▶ _Task requirements_: Please write back every entry exactly, character for character.

▶ _Available data_:
▬▬▬▬▬▬

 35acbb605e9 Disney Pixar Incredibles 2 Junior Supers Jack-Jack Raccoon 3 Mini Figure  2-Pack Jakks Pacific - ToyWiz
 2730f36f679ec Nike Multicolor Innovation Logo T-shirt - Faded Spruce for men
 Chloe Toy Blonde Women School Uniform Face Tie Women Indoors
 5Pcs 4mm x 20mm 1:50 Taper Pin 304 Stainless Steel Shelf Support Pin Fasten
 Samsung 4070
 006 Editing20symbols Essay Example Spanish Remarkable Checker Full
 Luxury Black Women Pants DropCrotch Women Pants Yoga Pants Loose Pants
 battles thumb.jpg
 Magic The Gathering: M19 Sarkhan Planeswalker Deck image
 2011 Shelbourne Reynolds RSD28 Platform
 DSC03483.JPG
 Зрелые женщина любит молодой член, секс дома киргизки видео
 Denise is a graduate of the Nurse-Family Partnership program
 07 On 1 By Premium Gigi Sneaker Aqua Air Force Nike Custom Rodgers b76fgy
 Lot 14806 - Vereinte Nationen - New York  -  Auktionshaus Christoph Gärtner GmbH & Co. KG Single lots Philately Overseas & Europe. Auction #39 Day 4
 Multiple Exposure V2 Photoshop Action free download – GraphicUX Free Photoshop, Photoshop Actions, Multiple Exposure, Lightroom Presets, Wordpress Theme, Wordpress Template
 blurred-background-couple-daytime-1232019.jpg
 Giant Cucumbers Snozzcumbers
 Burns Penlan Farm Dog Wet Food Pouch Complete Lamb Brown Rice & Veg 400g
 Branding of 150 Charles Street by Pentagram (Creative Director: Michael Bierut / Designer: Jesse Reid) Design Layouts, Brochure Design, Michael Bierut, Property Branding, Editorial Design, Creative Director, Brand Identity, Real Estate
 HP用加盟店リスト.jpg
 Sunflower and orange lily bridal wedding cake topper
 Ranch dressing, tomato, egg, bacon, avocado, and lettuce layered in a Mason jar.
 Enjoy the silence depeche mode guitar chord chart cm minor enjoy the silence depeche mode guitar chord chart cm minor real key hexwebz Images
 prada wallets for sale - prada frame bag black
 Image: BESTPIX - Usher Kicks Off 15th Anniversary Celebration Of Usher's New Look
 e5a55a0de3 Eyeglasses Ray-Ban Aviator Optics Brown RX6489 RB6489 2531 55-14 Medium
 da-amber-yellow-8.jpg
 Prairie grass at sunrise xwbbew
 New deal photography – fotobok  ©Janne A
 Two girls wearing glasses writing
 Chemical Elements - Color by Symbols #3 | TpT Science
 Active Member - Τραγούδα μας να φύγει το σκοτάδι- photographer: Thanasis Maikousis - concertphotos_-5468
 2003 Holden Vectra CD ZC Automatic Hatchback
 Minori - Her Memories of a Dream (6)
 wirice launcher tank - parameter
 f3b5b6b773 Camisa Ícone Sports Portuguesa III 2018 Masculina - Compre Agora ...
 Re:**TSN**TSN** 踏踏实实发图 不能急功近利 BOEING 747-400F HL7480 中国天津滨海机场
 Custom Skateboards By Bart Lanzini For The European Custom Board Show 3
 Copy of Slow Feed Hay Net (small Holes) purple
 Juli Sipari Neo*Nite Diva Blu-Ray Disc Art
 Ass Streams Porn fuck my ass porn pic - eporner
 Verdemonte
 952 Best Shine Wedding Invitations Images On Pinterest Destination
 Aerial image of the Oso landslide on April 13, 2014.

▬▬▬▬▬▬

▶ _Task response_:
 35acbb605e9 Disney Pixar Incredibles 2 Junior Supers Jack-Jack Raccoon 3 Mini Figure  2-Pack Jakks Pacific - ToyWiz
 2730f36f679ec Nike Multicolor Innovation Logo T-shirt - Faded Spruce for men
 Chloe Toy Blonde Women School Uniform Face Tie Women Indoors
 5Pcs 4mm x 20mm 1:50 Taper Pin 304 Stainless Steel Shelf Support Pin Fasten
 Samsung 4070
 006 Editing20symbols Essay Example Spanish Remarkable Checker Full
 Luxury Black Women Pants DropCrotch Women Pants Yoga Pants Loose Pants
 battles thumb.jpg
 Magic The Gathering: M19 Sarkhan Planeswalker Deck image
 2011 Shelbourne Reynolds RSD28 Platform
 DSC03483.JPG
 Зрелые женщина любит молодой член, секс дома киргизки видео
 Denise is a graduate of the Nurse-Family Partnership program
 07 On 1 By Premium Gigi Sneaker Aqua Air Force Nike Custom Rodgers b76fgy
 Lot 14806 - Vereinte Nationen - New York  -  Auktionshaus Christoph Gärtner GmbH & Co. KG Single lots Philately Overseas & Europe. Auction #39 Day 4
 Multiple Exposure V2 Photoshop Action free download – GraphicUX Free Photoshop, Photoshop Actions, Multiple Exposure, Lightroom Presets, Wordpress Theme, Wordpress Template
 blurred-background-couple-daytime-1232019.jpg
 Giant Cucumbers Snozzcumbers
 Burns Penlan Farm Dog Wet Food Pouch Complete Lamb Brown Rice & Veg 400g
 Branding of 150 Charles Street by Pentagram (Creative Director: Michael Bierut / Designer: Jesse Reid) Design Layouts, Brochure Design, Michael Bierut, Property Branding, Editorial Design, Creative Director, Brand Identity, Real Estate
 HP用加盟店リスト.jpg
 Sunflower and orange lily bridal wedding cake topper
 Ranch dressing, tomato, egg, bacon, avocado, and lettuce layered in a Mason jar.
 Enjoy the silence depeche mode guitar chord chart cm minor enjoy the silence depeche mode guitar chord chart cm minor real key hexwebz Images
 prada wallets for sale - prada frame bag black
 Image: BESTPIX - Usher Kicks Off 15th Anniversary Celebration Of Usher's New Look
 e5a55a0de3 Eyeglasses Ray-Ban Aviator Optics Brown RX6489 RB6489 2531 55-14 Medium
 da-amber-yellow-8.jpg
 Prairie grass at sunrise xwbbew
 New deal photography – fotobok  ©Janne A
 Two girls wearing glasses writing
 Chemical Elements - Color by Symbols #3 | TpT Science
 Active Member - Τραγούδα μας να φύγει το σκοτάδι- photographer: Thanasis Maikousis - concertphotos_-5468
 2003 Holden Vectra CD ZC Automatic Hatchback
 Minori - Her Memories of a Dream (6)
 wirice launcher tank - parameter
 f3b5b6b773 Camisa Ícone Sports Portuguesa III 2018 Masculina - Compre Agora ...
 Re:**TSN**TSN** 踏踏实实发图 不能急功近利 BOEING 747-400F HL7480 中国天津滨海机场
 Custom Skateboards By Bart Lanzini For The European Custom Board Show 3
 Copy of Slow Feed Hay Net (small Holes) purple
 Juli Sipari Neo*Nite Diva Blu-Ray Disc Art
 Ass Streams Porn fuck my ass porn pic - eporner
 Verdemonte
 952 Best Shine Wedding Invitations Images On Pinterest Destination
 Aerial image of the Oso landslide on April 13, 2014.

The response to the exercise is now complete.